**TASK BRIEF:** Under this line are the records; repeat exactly the lines starting at the one containing "A light, near-future" and ending at the one containing "[Spielemax] Lego Ninjago", omitting pictures.

**EXERCISE DATA:**

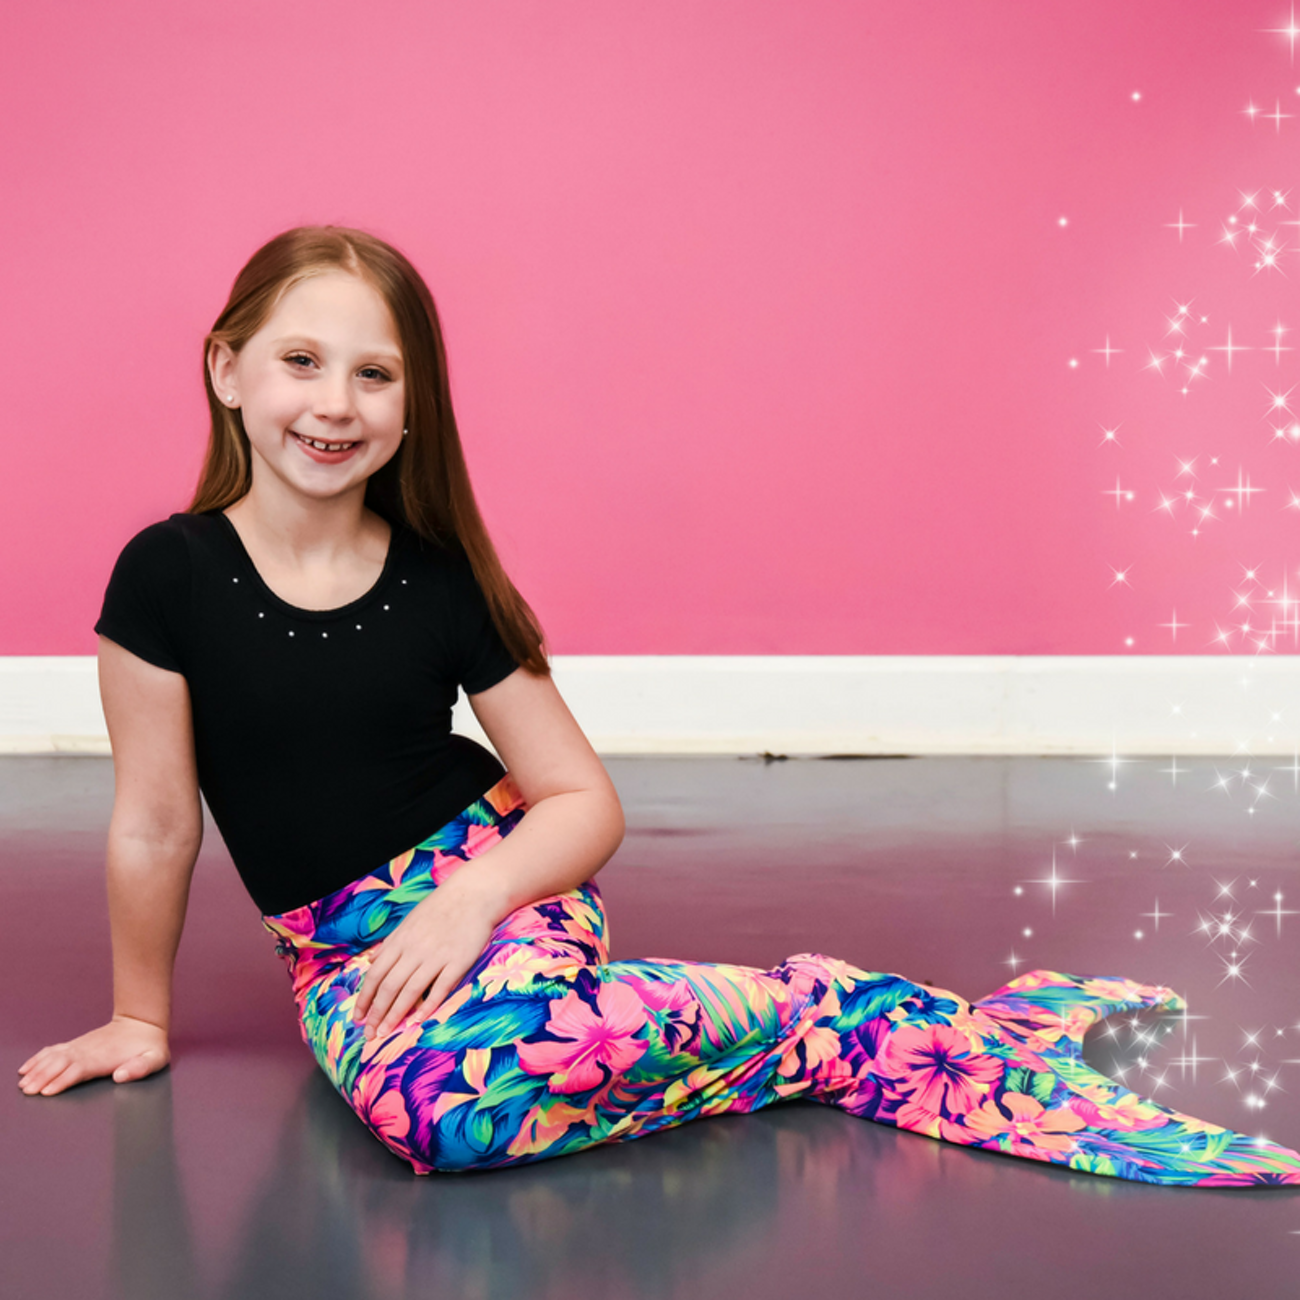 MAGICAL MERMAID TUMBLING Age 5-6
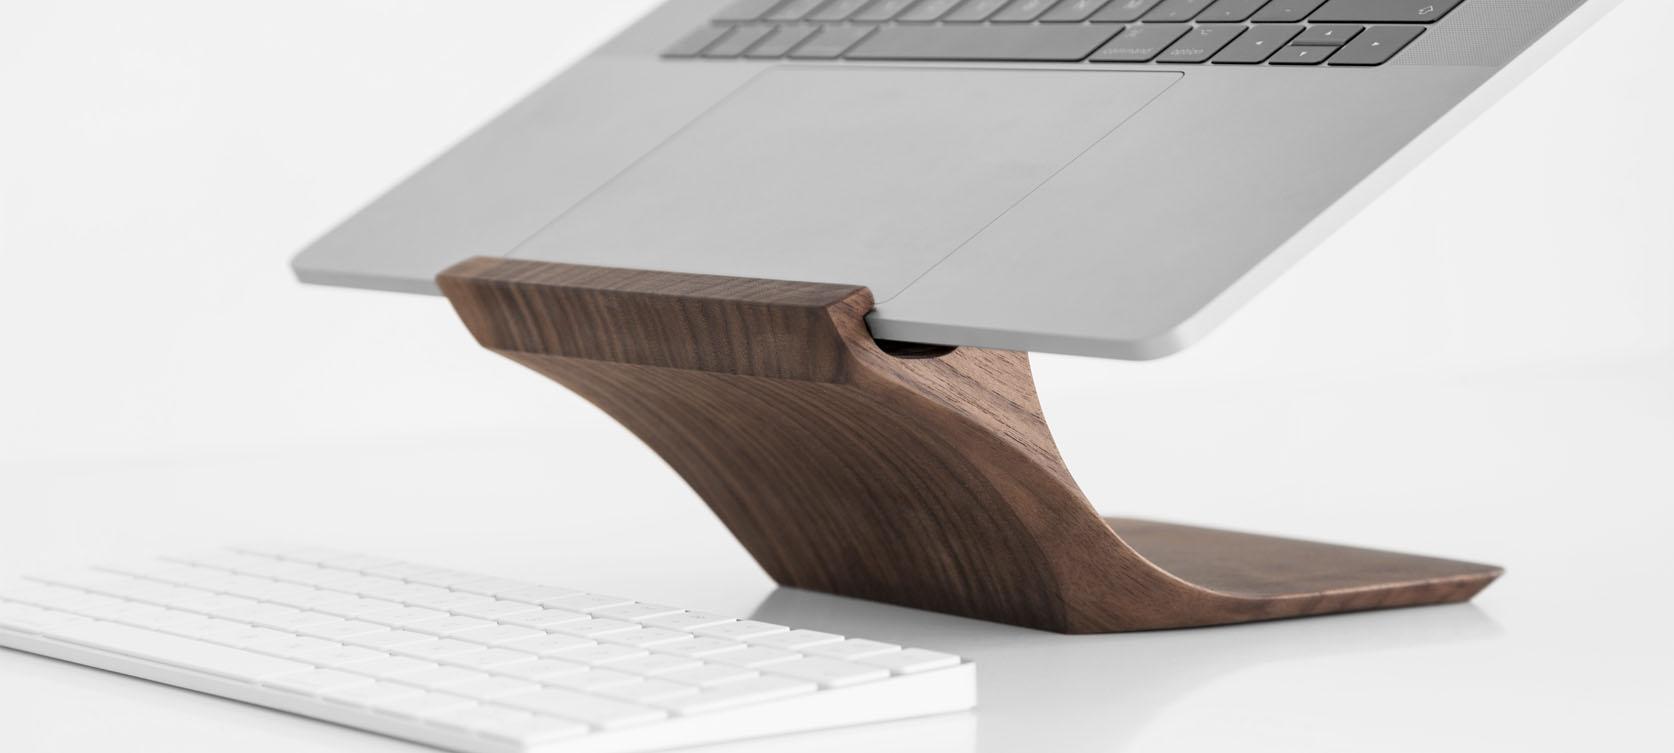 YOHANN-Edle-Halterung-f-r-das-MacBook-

--

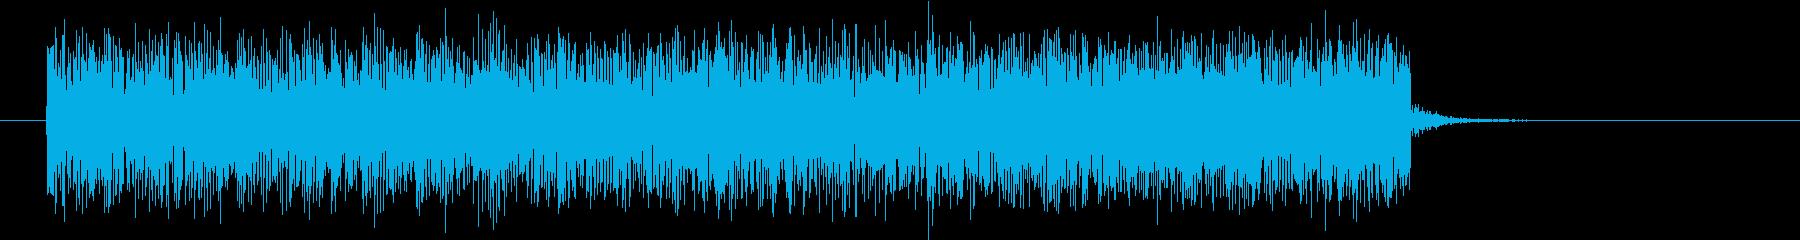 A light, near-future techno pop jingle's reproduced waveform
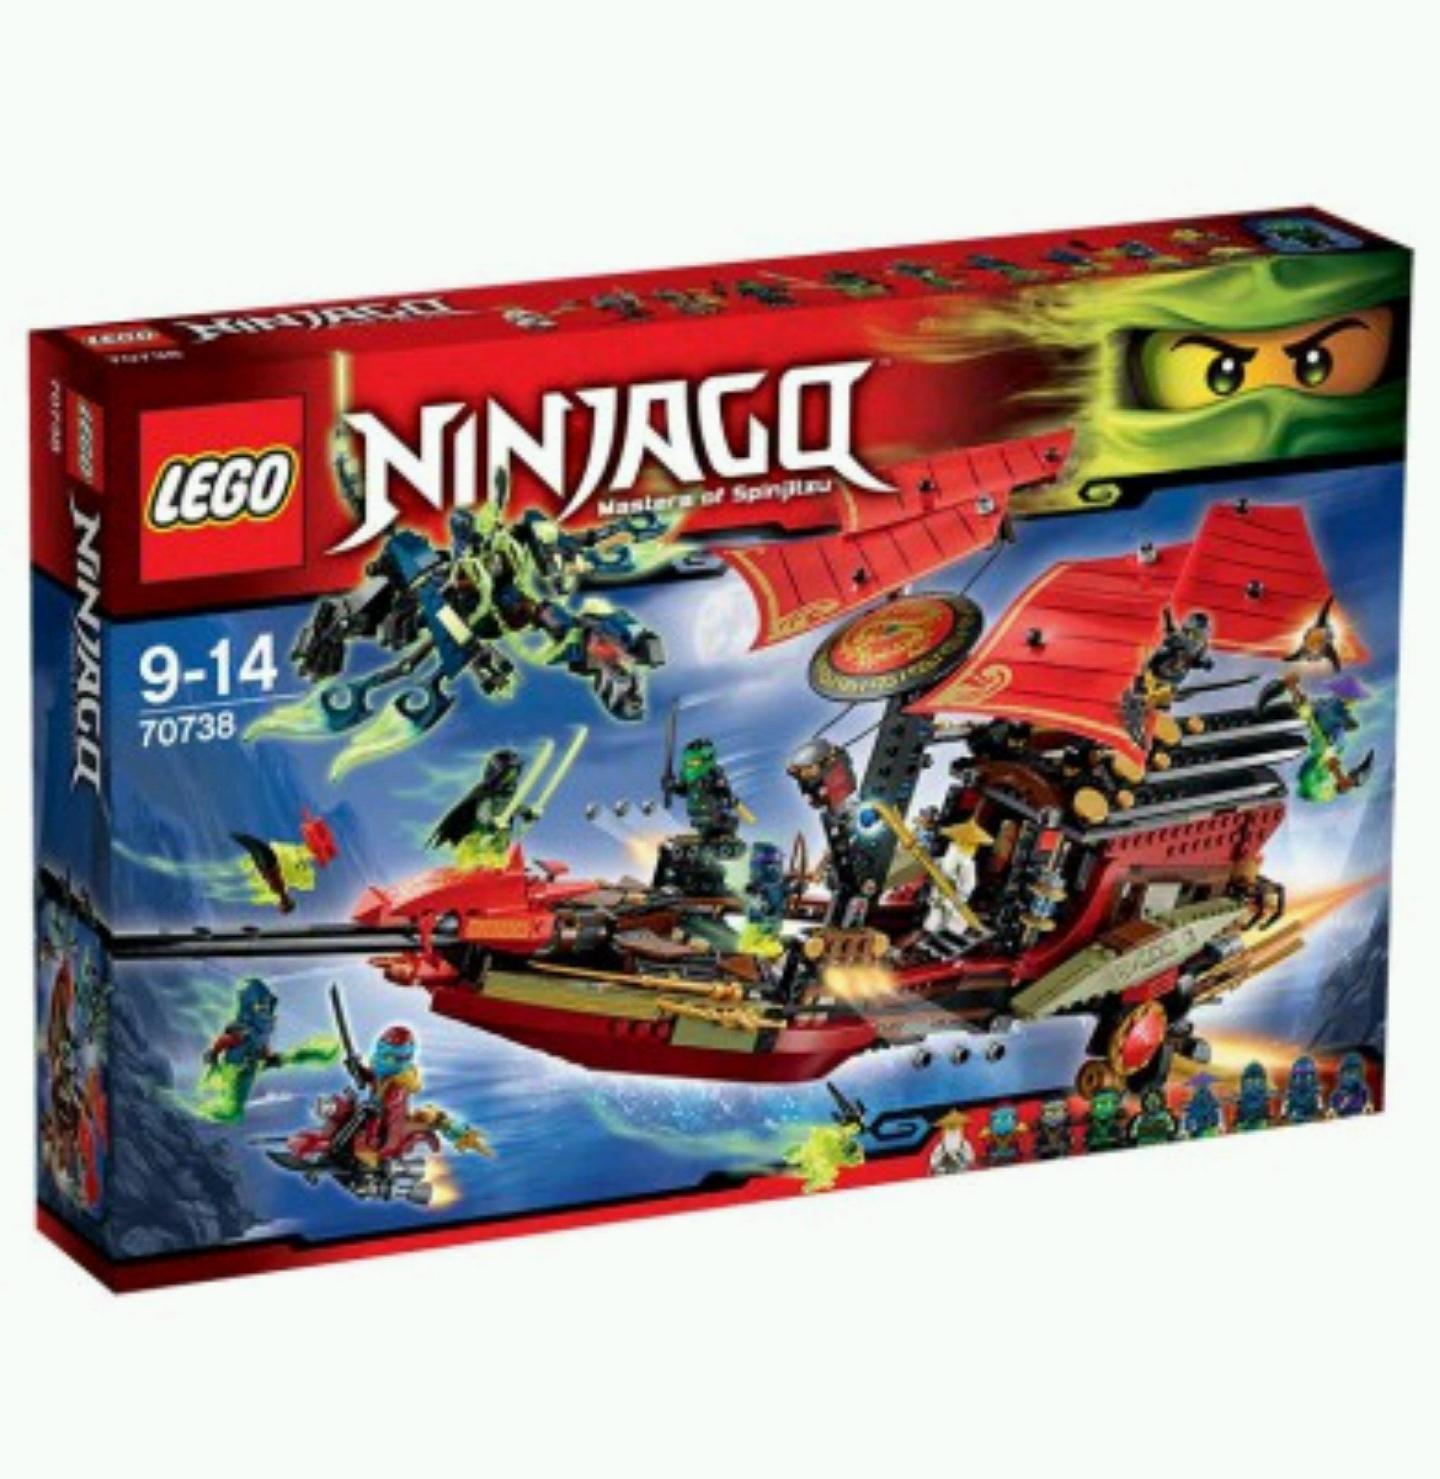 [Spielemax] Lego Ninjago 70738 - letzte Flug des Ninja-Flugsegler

**ANSWER BOX:**
 A light, near-future techno pop jingle's reproduced waveform
 [Spielemax] Lego Ninjago 70738 - letzte Flug des Ninja-Flugsegler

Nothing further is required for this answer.